Brief: Exclude all pictures from your copy of the data below, which should otherwise match exactly.

Exercise data:
»»

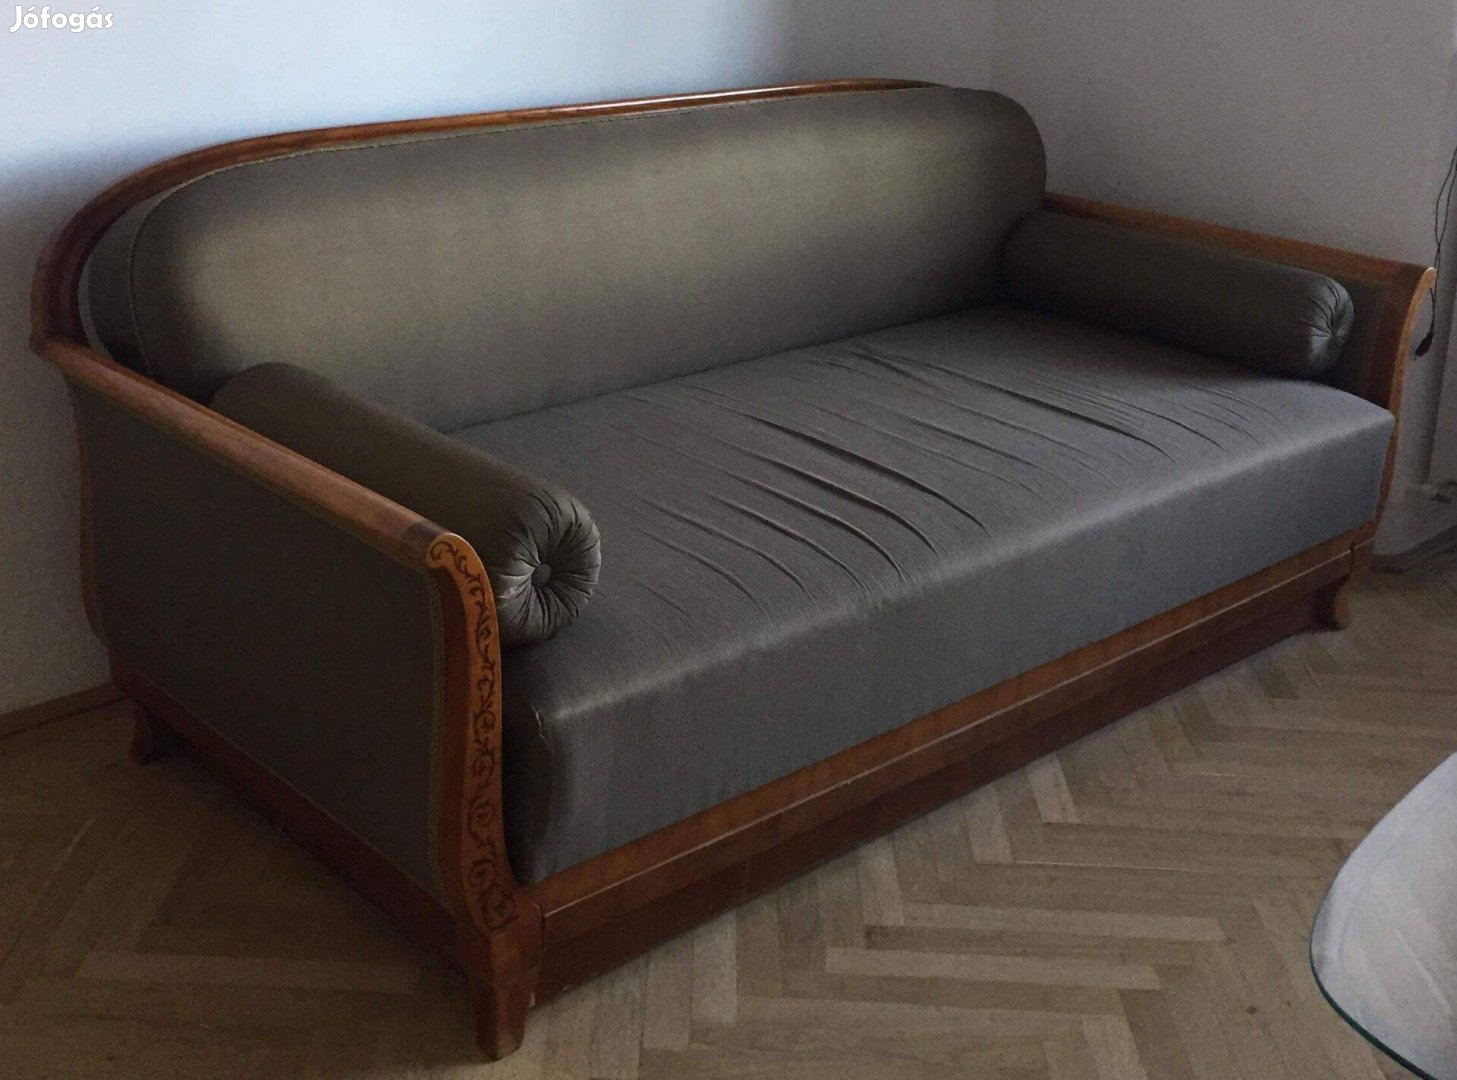 Biedermeier kanapéágy ölivazöld selyem huzattal
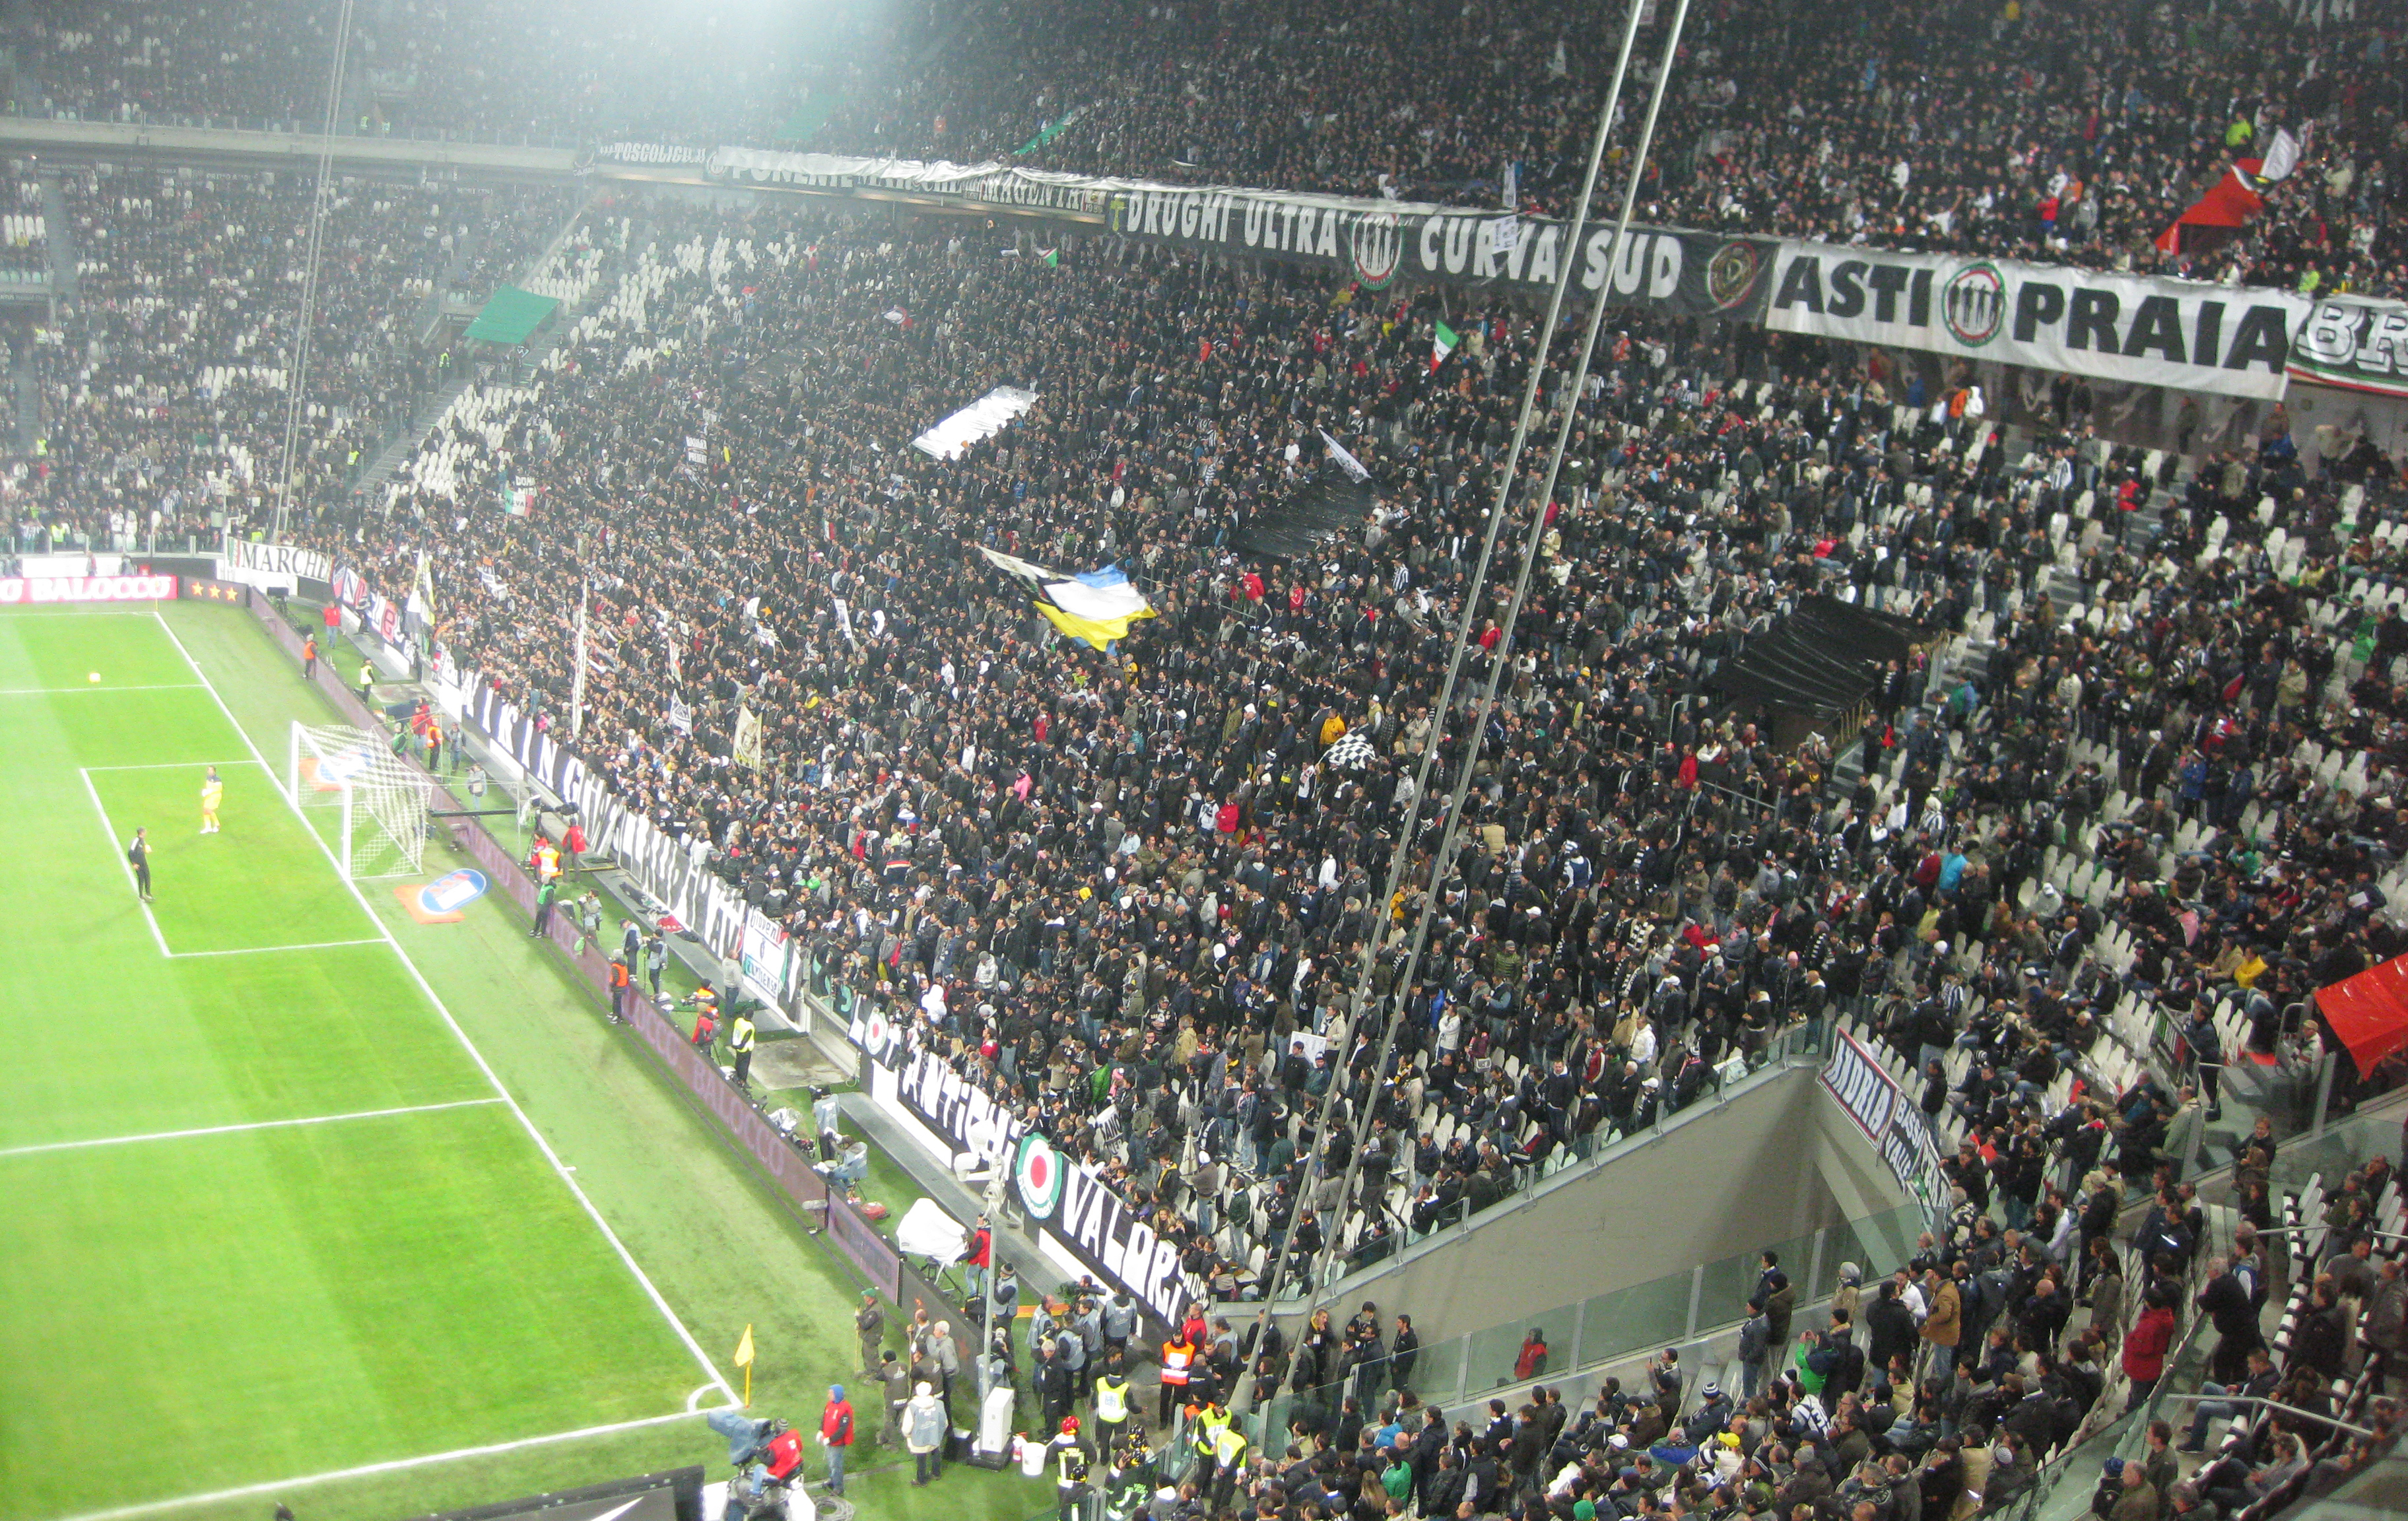 Doppia squalifica per la Juventus dopo i cori anti-Napoli
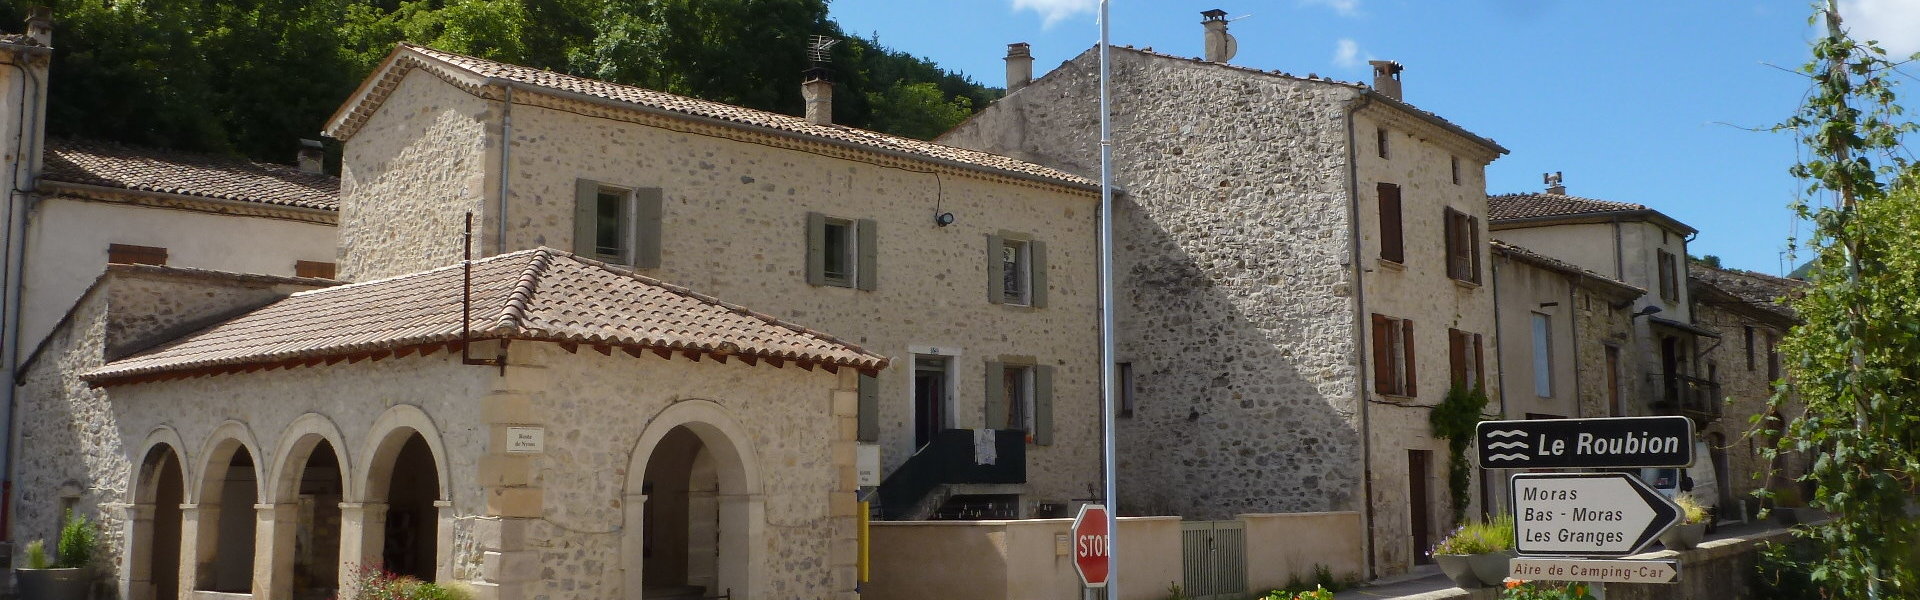 Les commissions - Commune de Bouvières - Département de la Drôme

««

Answer to the problem:
 Biedermeier kanapéágy ölivazöld selyem huzattal
 Doppia squalifica per la Juventus dopo i cori anti-Napoli
 Les commissions - Commune de Bouvières - Département de la Drôme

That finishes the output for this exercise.